The device required is just:
1. LM35 low cost temperature sensor or any device you used to upload data
2. And Wido
*/
#include <Adafruit_CC3000.h>
#include <ccspi.h>
#include <SPI.h>
#define Wido_IRQ 7
#define Wido_VBAT 5
#define Wido_CS 10
Adafruit_CC3000 Wido = Adafruit_CC3000(Wido_CS, Wido_IRQ, Wido_VBAT,
SPI_CLOCK_DIVIDER); // you can change this clock speed
#define WLAN_SSID "myNetwork" // cannot be longer than 32 characters!
#define WLAN_PASS "myPassword"
// Security can be WLAN_SEC_UNSEC, WLAN_SEC_WEP, WLAN_SEC_WPA or WLAN_SEC_WPA2
#define WLAN_SECURITY WLAN_SEC_WPA2
#define IDLE_TIMEOUT_MS 2000
#define TCP_TIMEOUT 3000
#define WEBSITE "api.xively.com"
#define API_key "Nm8vxZaYtkCreW9oBL74VIxY93ONHsvNlpizj6QkIM8hxxxx" // Update Your API Key
#define feedID "180220xxxx" // Update Your own feedID
void setup(){
Serial.begin(115200);
Serial.println(F("Hello, CC3000!\n"));
/* Initialise the module */
Serial.println(F("\nInitialising the CC3000 ..."));
if (!Wido.begin())
{
Serial.println(F("Unable to initialise the CC3000! Check your wiring?"));
while(1);
}
/* Attempt to connect to an access point */
char *ssid = WLAN_SSID; /* Max 32 chars */
Serial.print(F("\nAttempting to connect to "));
Serial.println(ssid);
/* NOTE: Secure connections are not available in 'Tiny' mode!
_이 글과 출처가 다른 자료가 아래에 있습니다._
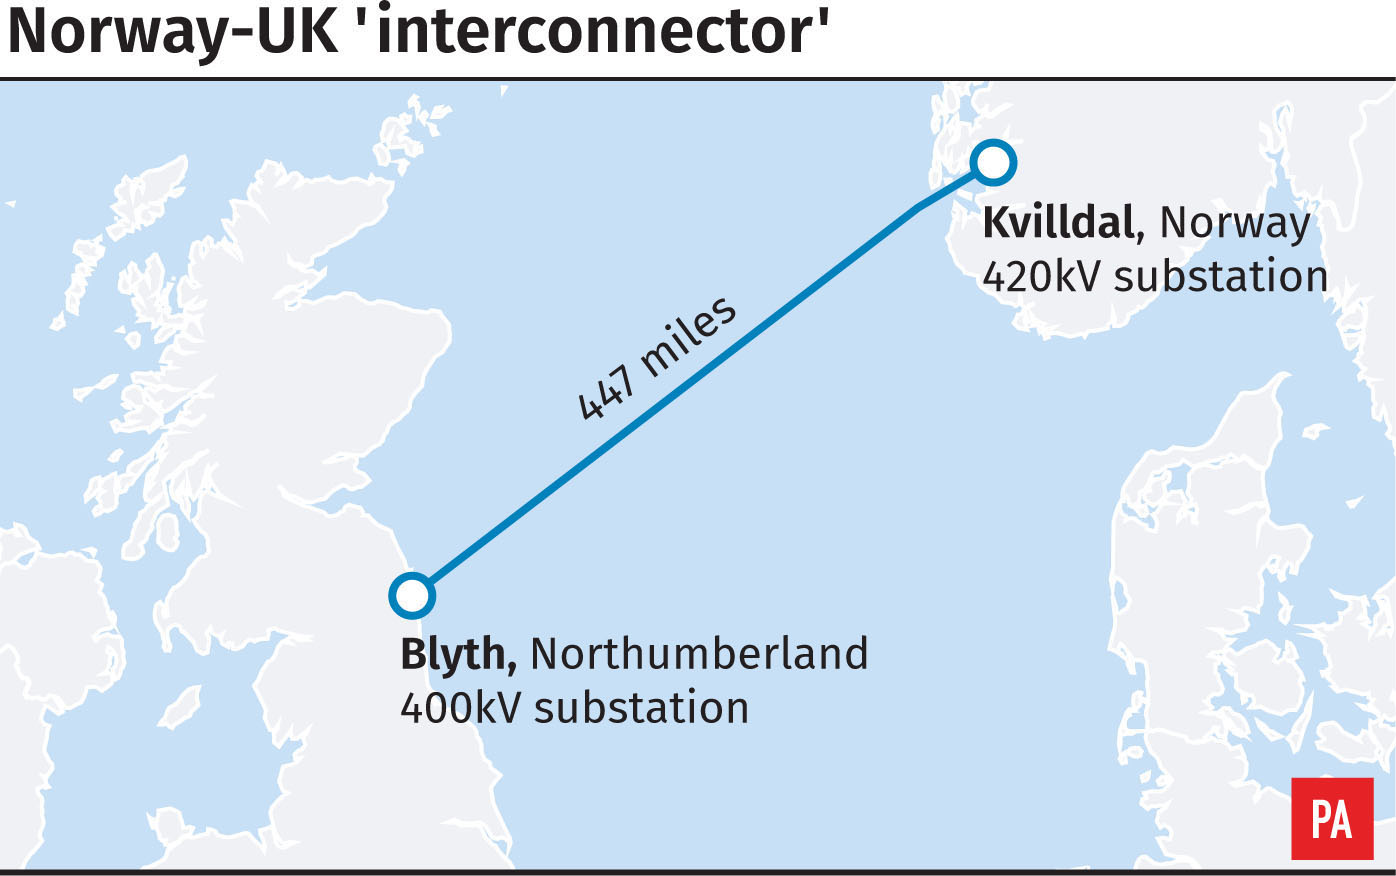 World's longest interconnector between Norway and the UK

By default connectToAP will retry indefinitely, however you can pass an
optional maximum number of retries (greater than zero) as the fourth parameter.
*/
if (!Wido.connectToAP(WLAN_SSID, WLAN_PASS, WLAN_SECURITY)) {
Serial.println(F("Failed!"));
while(1);
}
Serial.println(F("Connected!"));
/* Wait for DHCP to complete */
Serial.println(F("Request DHCP"));
while (!Wido.checkDHCP())
{
delay(100); // ToDo: Insert a DHCP timeout!
}
}
uint32_t ip = 0; // Store Xively ip address
float temp = 0; // Store temporary sensor data for post
void loop(){
static Adafruit_CC3000_Client WidoClient;
static unsigned long RetryMillis = 0; // timer stamp for building the connection
static unsigned long uploadtStamp = 0; // timer stamp for posting data to service
static unsigned long sensortStamp = 0; // timer stamp for reading data to LM35
// Apply for the connection with the cloud service
if(!WidoClient.connected() && millis() - RetryMillis > TCP_TIMEOUT){
// Update the time stamp
RetryMillis = millis();
Serial.println(F("Try to connect the cloud server"));
//Get Xively IOT Server IP
ip = Wido.IP2U32(216,52,233,120);
WidoClient = Wido.connectTCP(ip, 80);
}
// After building the connection with the service
// Post the sensor data to Xively
if(WidoClient.connected() && millis() - uploadtStamp > 2000){
uploadtStamp = millis();
// If the device is connected to the cloud server, upload the data every 2000ms.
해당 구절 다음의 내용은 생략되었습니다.